Un commentaire sur la diversité des stratégies face à la corporéité s’imposerait sans doute, mais nous nous contenterons, fidèles à notre parti pris du jour, de suggérer la piste suivante : peut-être s’agit-il en profondeur de morceler le corps trop beau dans son unicité parfaite avant même de le reconnaître ou par delà sa reconnaissance aveuglante.

Femme et mythe, pp. 58-59, thème de l’amant mortel infidèle, histoire du pâtre Daphnis, racontée par Elien, et trouvant peut-être l’une de ses plus anciennes versions dans un poème de Stésichore, au VIIe siècle avant J.-C.: Fils d’une nymphe, fut aimé d’une (autre) nymphe, alors qu’il était encore presque imberbe. Elle se donna à lui, mais l’avertit qu’elle l’aveuglerait si jamais il lui était infidèle. Il accepta cette condition mais, un peu plus tard, la fille du roi tomba amoureuse de lui. Sous l’influence du vin, il fit une infidélité à la nymphe avec la princesse ; la nymphe trahie se vengea selon sa promesse.

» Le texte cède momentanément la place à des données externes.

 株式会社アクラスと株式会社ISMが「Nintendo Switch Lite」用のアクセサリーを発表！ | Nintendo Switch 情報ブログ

Ce mythe et son interprétation (on retrouvera dans l’article de Bruno Garnier déjà cité cette « beauté indescriptible de statut divin », cette « héroïne trop parfaite » dans le jeune corps vierge de Polyxène) forment transition dans notre propos. D’un côté le corps unifié (ou réunifié après démembrement), corps incomparable de « la divine maîtresse » (titre du chapitre de Femme et mythe, pp. 27-66), corps doté de qualités extraordinaires qui (p. 60)

mobilisaient l’imago infantile de la mère et suscitaient des anglisses de chacun des amants mortels des femmes surnaturelles, angoisse qui les incitait à leur être infidèles,

et donc une racine possible des récits, sinon de la narrativité. De l’autre, la sélection d’un élément de ce corps démembré, morcelé, auquel on associe une valeur sémique.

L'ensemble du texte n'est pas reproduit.